◆ **Your instructions**
Where the line containing "A four-part Belgian" appears, begin retyping; continue exactly through the final line of the data. Omit every picture.

(Source data begins)

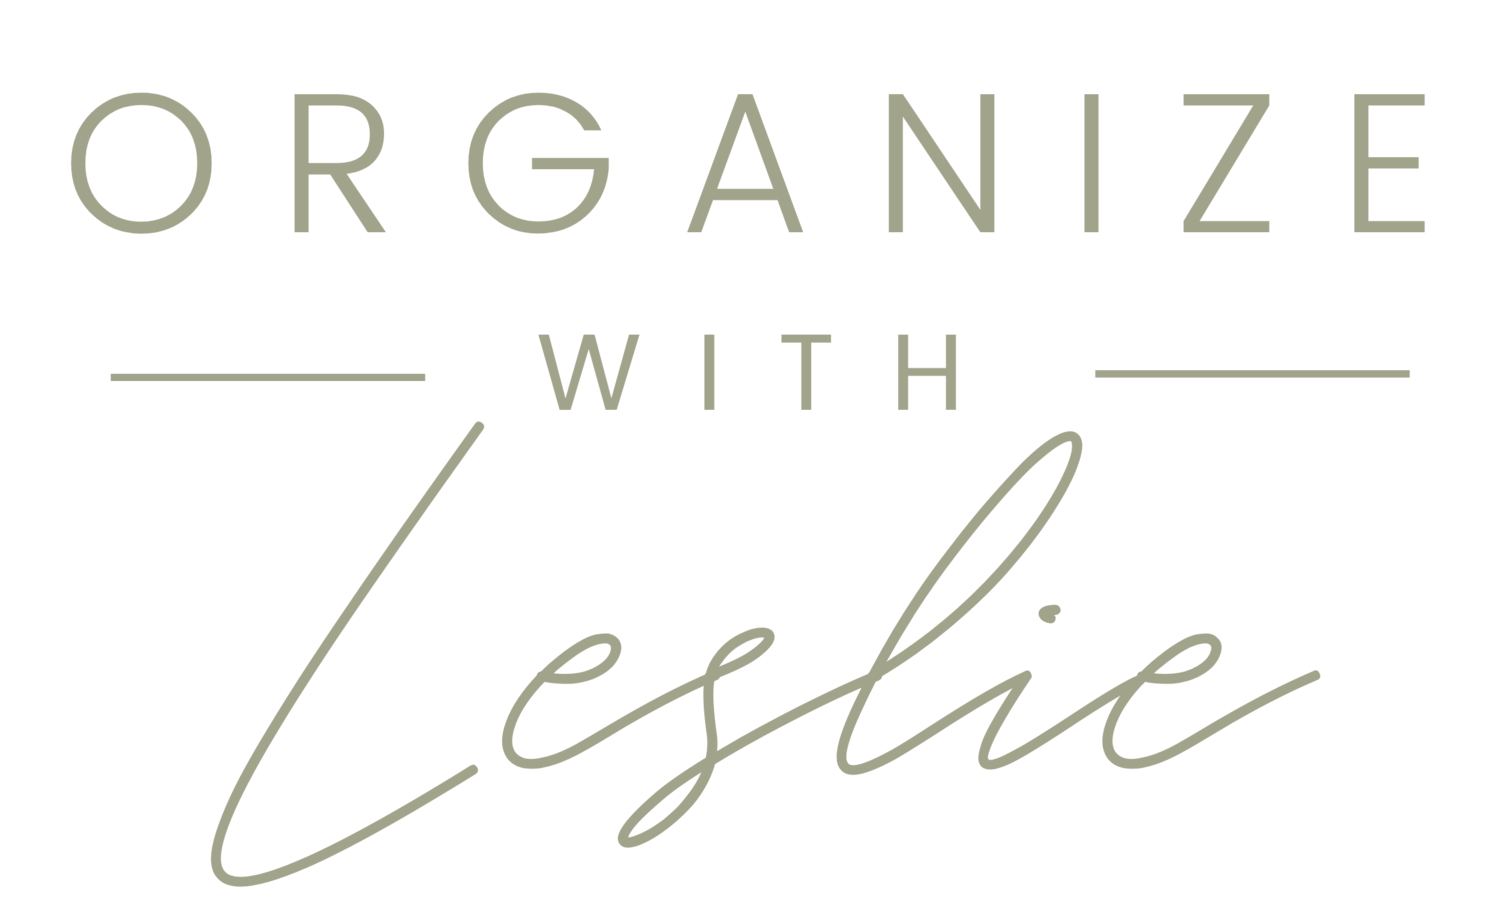 Organize with Leslie
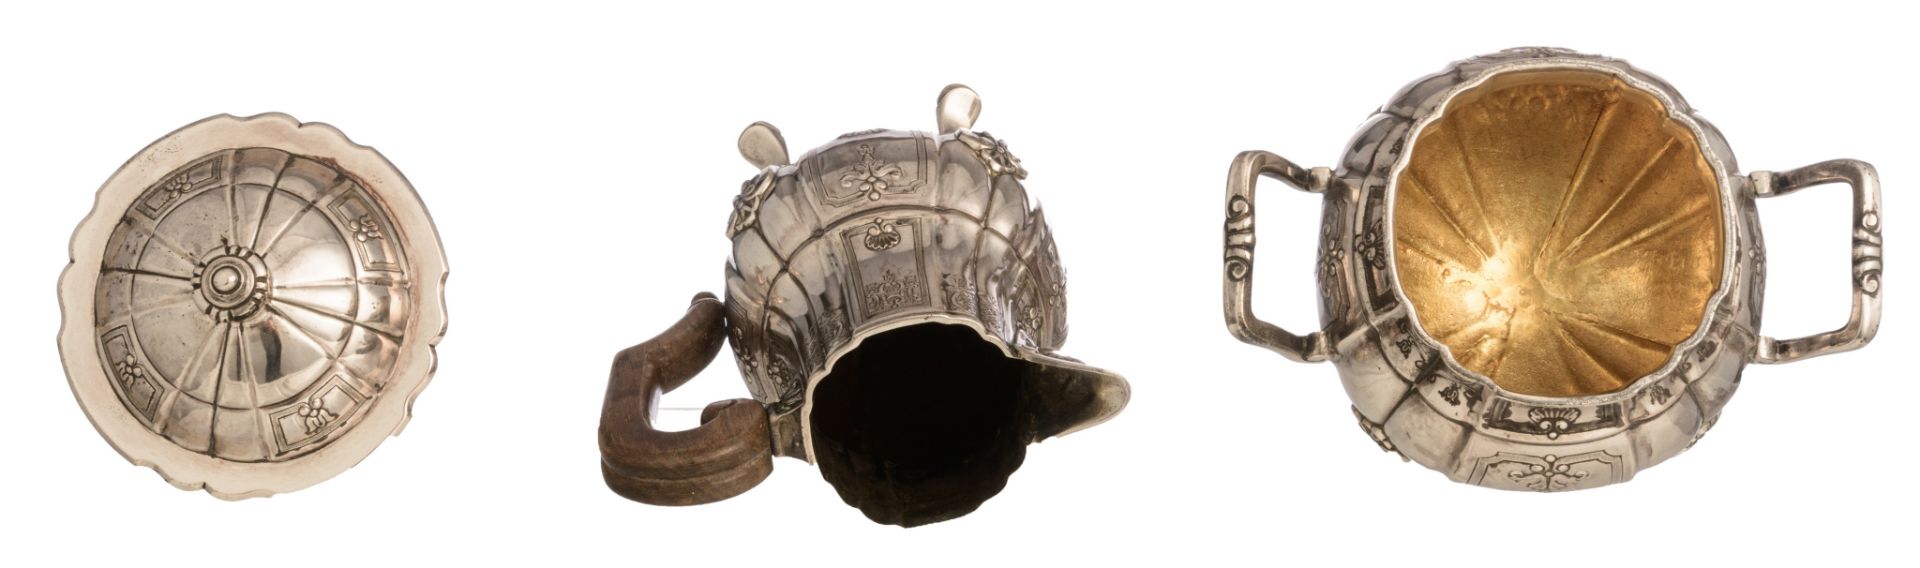 A four-part Belgian silver coffee and tea set, H 15 - 29 cm / total weight c. 4.290 g - Image 9 of 13
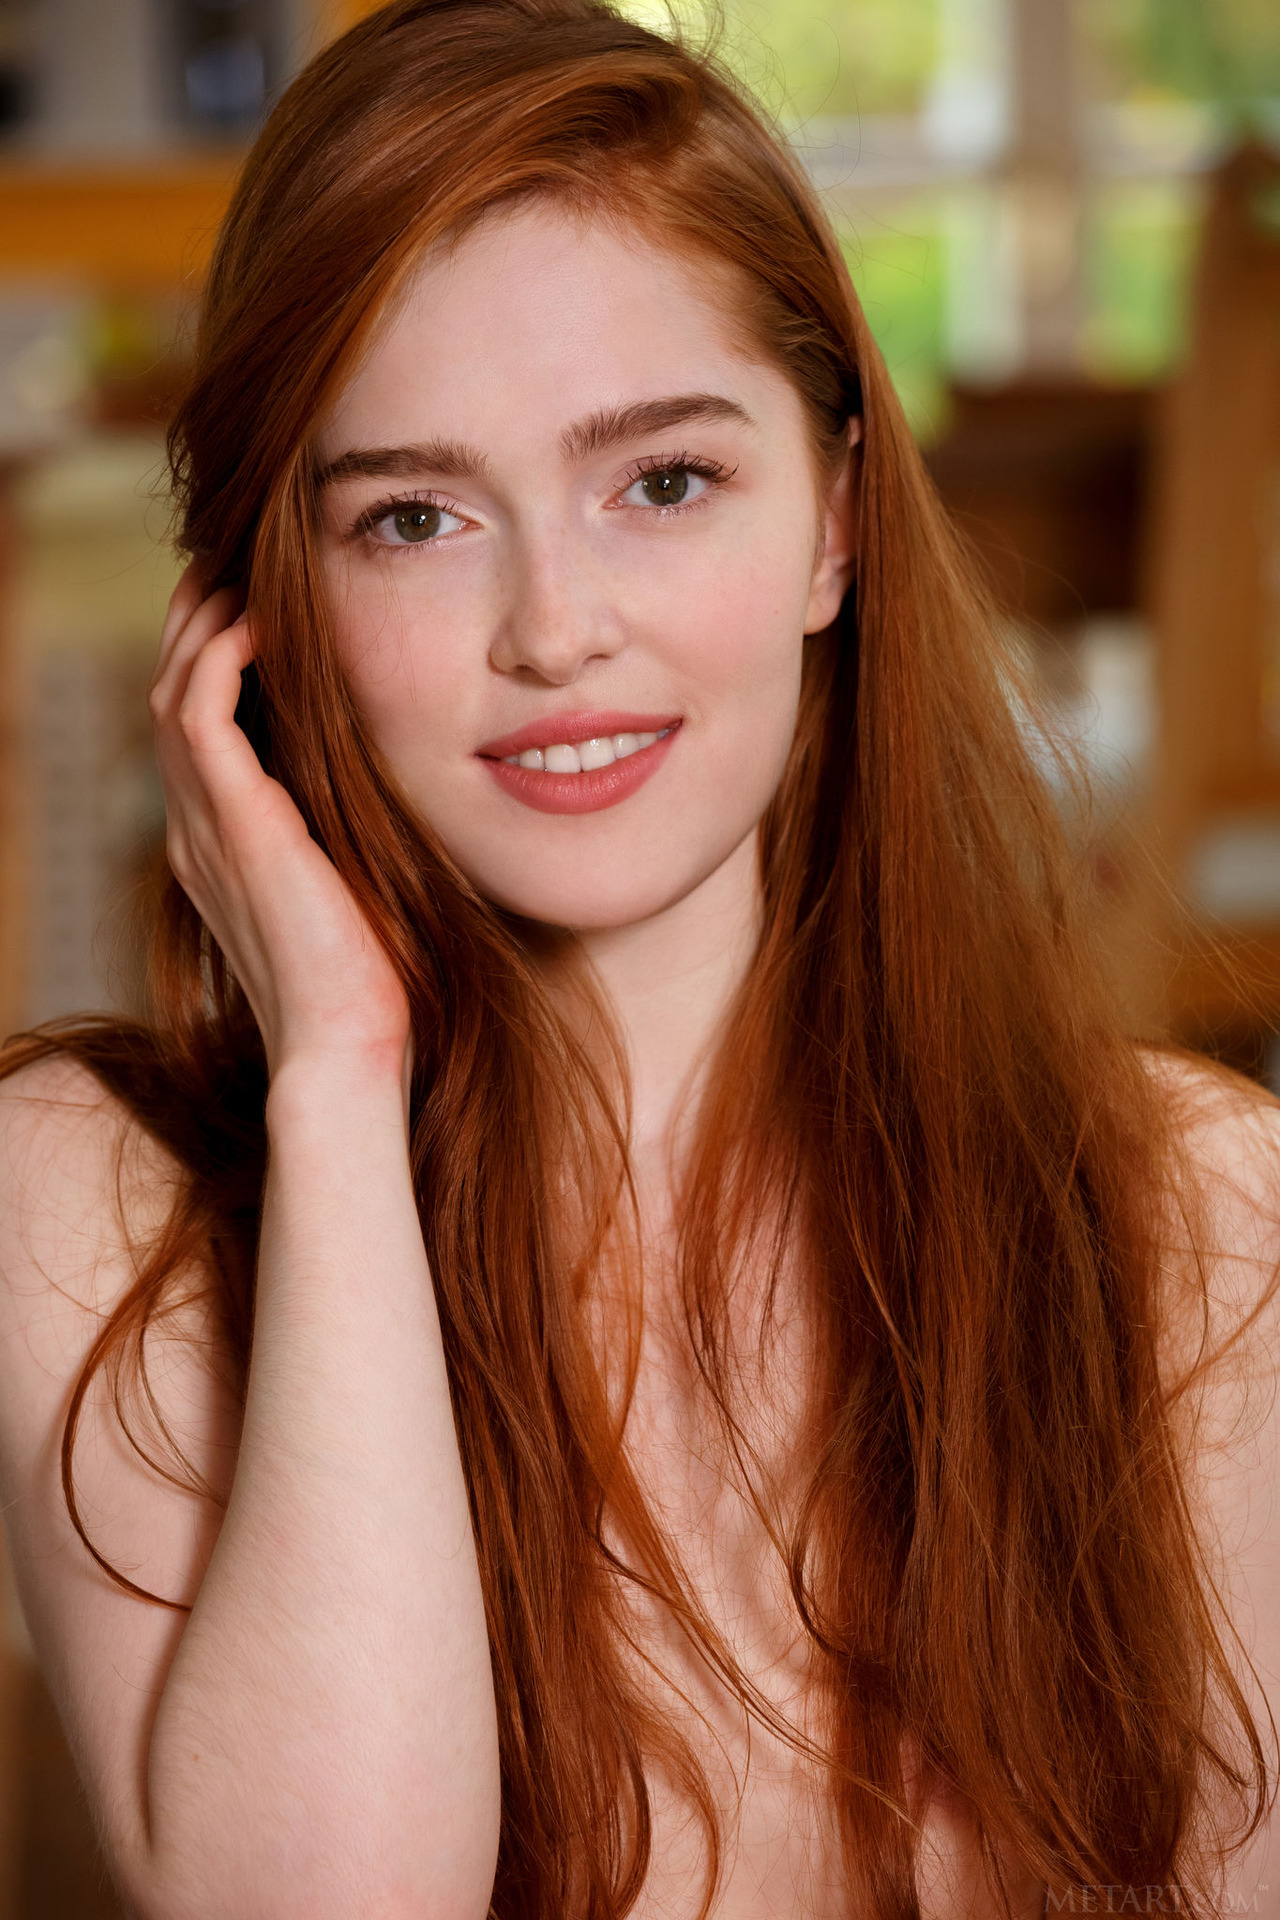 Stunning Redhead Jia Lissa Has Such A Sexy Aura, She Can't Help Making Your Heart Race With Her Gorgeous Smile 20

(Source data ends)

◆ **Worked solution**
 A four-part Belgian silver coffee and tea set, H 15 - 29 cm / total weight c. 4.290 g - Image 9 of 13
 Stunning Redhead Jia Lissa Has Such A Sexy Aura, She Can't Help Making Your Heart Race With Her Gorgeous Smile 20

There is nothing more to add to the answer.